Aim of the task —
Your task is to copy the lines from the line containing "Plymouth Trail Duster #1" through the end of the listing below, both included, without any pictures.

The data —
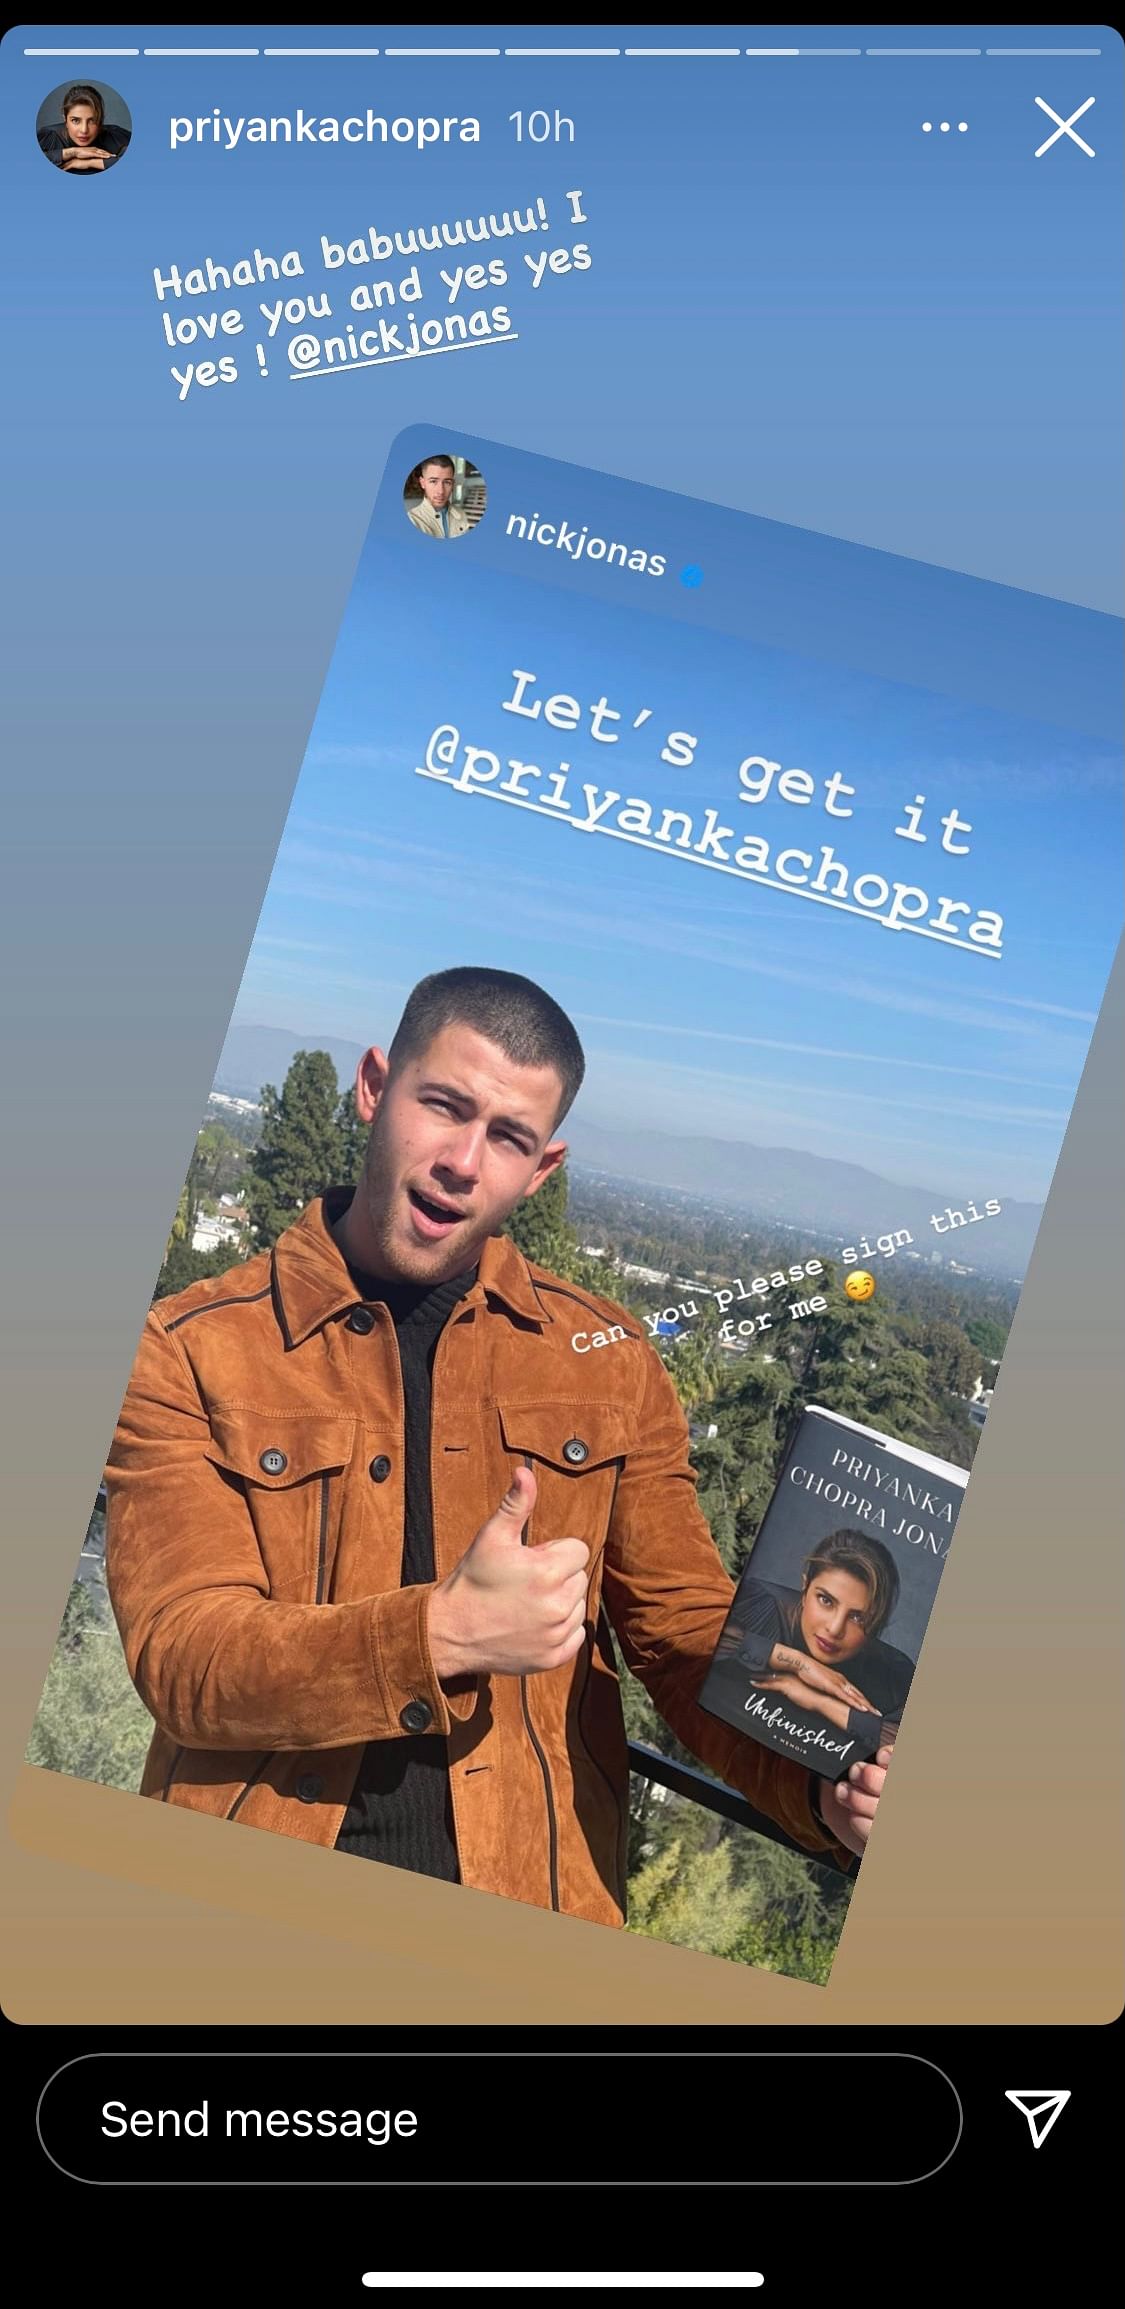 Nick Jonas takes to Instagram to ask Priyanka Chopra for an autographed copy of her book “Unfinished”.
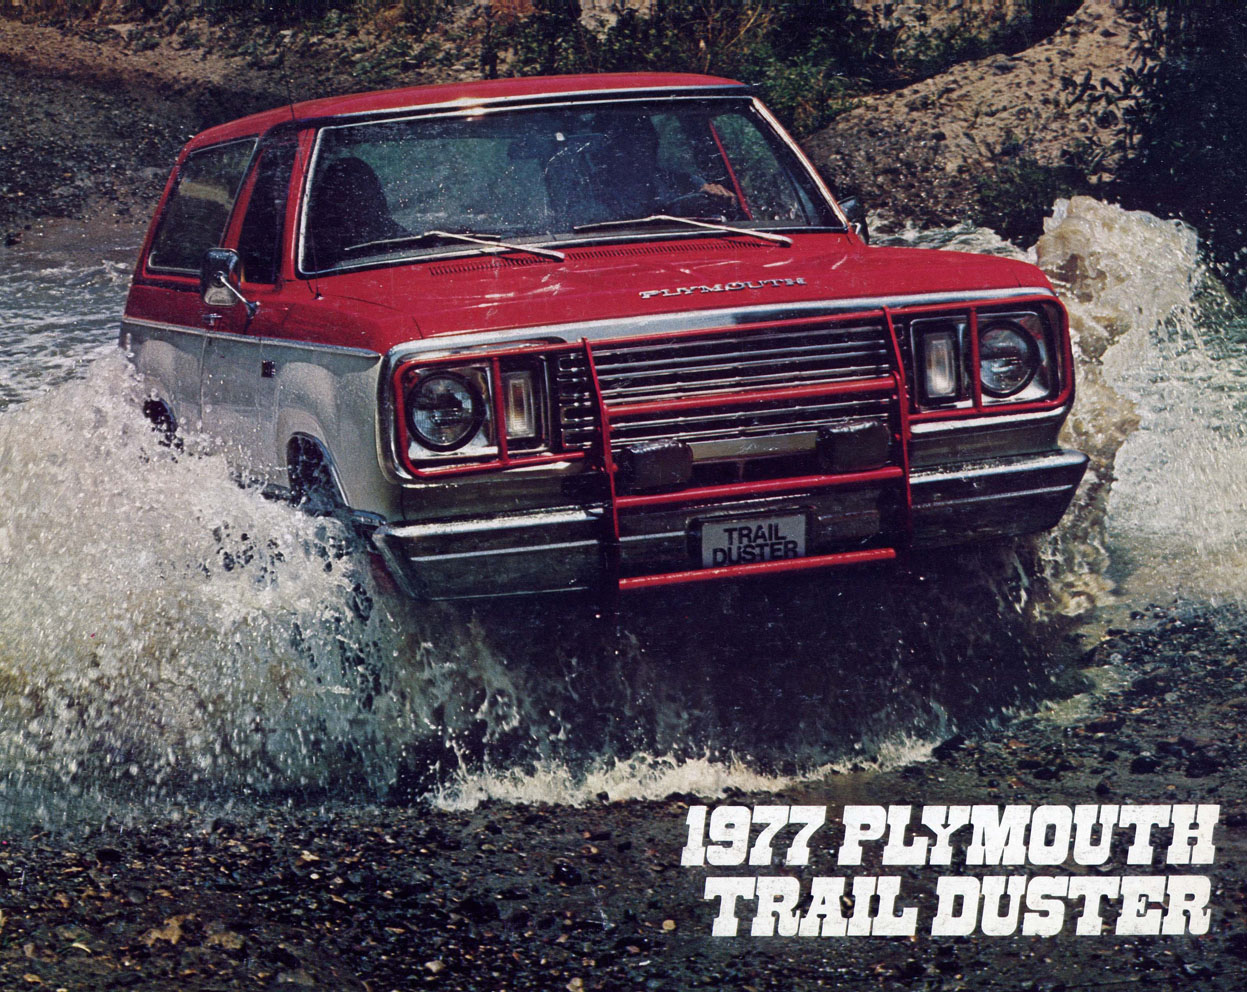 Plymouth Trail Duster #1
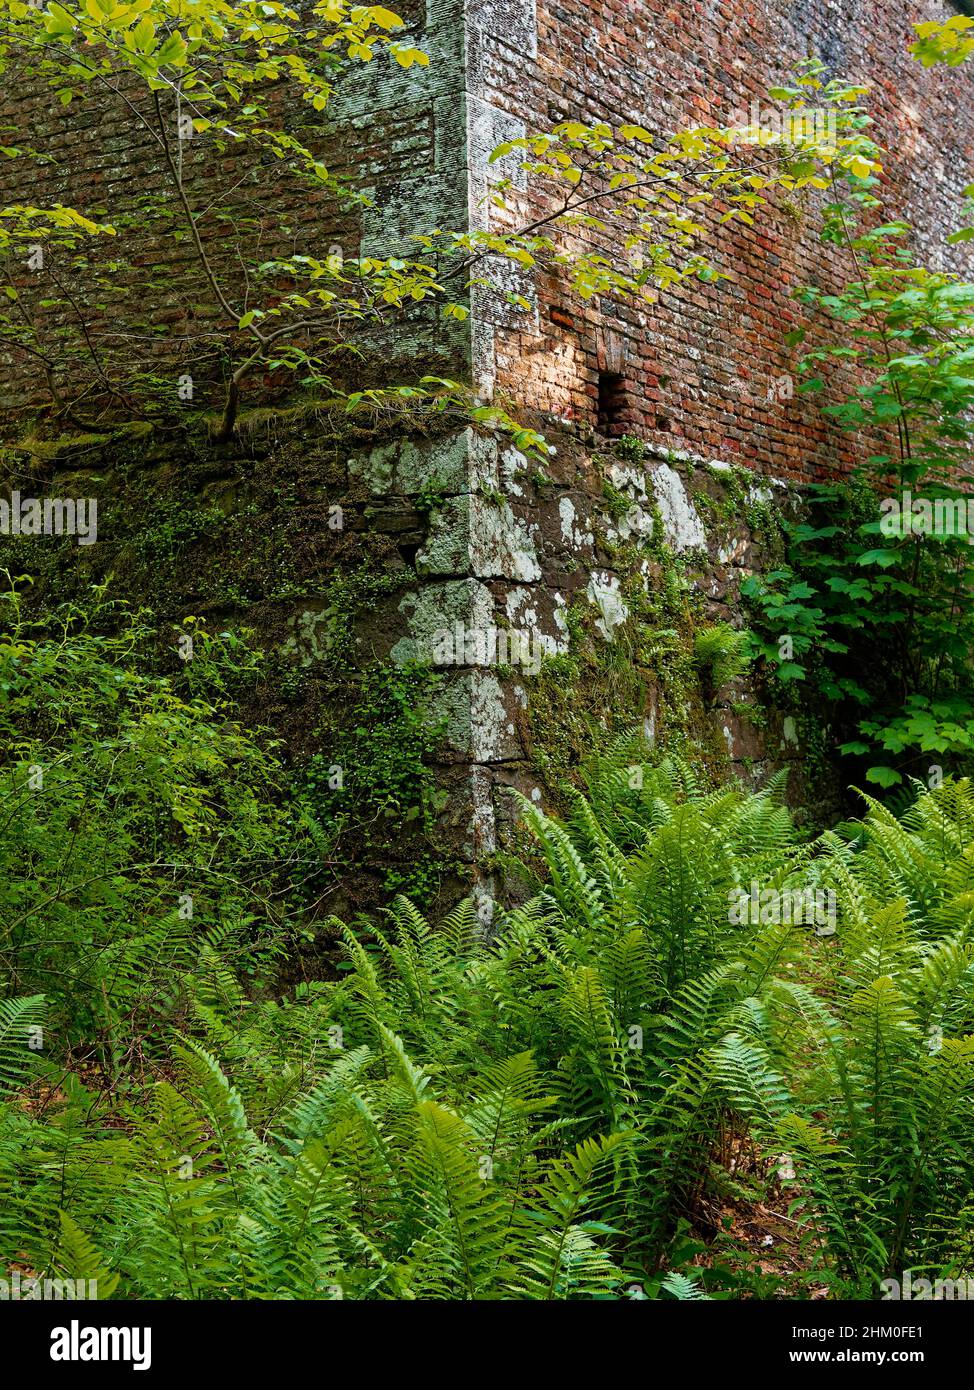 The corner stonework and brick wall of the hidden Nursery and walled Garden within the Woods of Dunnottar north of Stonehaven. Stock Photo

Finished exercise —
 Plymouth Trail Duster #1
 The corner stonework and brick wall of the hidden Nursery and walled Garden within the Woods of Dunnottar north of Stonehaven. Stock Photo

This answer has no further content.